Content starts

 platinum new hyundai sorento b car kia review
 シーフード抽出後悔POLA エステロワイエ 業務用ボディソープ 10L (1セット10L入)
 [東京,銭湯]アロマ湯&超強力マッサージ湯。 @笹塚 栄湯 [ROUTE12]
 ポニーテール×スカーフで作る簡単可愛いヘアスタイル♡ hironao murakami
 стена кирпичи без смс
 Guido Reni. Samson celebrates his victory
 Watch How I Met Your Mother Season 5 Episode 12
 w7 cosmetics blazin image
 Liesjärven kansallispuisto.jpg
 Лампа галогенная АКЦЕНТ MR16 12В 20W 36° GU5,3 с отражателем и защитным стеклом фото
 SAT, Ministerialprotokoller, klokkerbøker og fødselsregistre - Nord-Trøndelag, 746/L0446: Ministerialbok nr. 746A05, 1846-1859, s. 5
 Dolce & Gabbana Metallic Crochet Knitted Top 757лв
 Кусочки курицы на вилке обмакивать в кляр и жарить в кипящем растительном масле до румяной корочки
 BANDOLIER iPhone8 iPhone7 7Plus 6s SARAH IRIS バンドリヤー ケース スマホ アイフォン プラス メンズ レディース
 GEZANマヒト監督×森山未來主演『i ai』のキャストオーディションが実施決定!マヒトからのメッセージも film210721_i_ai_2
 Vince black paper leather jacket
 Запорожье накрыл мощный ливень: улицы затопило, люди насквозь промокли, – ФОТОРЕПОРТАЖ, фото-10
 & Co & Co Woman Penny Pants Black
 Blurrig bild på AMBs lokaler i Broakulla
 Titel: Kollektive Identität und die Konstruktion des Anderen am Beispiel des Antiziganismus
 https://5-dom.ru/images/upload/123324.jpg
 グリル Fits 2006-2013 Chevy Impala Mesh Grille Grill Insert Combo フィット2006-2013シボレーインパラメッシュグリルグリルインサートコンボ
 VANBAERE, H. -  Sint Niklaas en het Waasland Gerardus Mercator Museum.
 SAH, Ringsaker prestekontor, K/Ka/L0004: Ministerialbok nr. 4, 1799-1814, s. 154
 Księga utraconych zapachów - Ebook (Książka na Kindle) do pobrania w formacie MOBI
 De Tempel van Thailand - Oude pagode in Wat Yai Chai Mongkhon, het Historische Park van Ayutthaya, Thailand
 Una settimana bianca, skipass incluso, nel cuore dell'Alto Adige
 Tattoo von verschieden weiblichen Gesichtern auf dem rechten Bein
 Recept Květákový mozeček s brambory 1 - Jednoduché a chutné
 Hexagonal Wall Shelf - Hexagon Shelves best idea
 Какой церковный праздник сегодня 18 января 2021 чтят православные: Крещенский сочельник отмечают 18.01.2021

Content ends

Problem requirements ▸ Wherever a line of the listing above contains the string "Ministerialbok", copy that line.

Result ▸
 SAT, Ministerialprotokoller, klokkerbøker og fødselsregistre - Nord-Trøndelag, 746/L0446: Ministerialbok nr. 746A05, 1846-1859, s. 5
 SAH, Ringsaker prestekontor, K/Ka/L0004: Ministerialbok nr. 4, 1799-1814, s. 154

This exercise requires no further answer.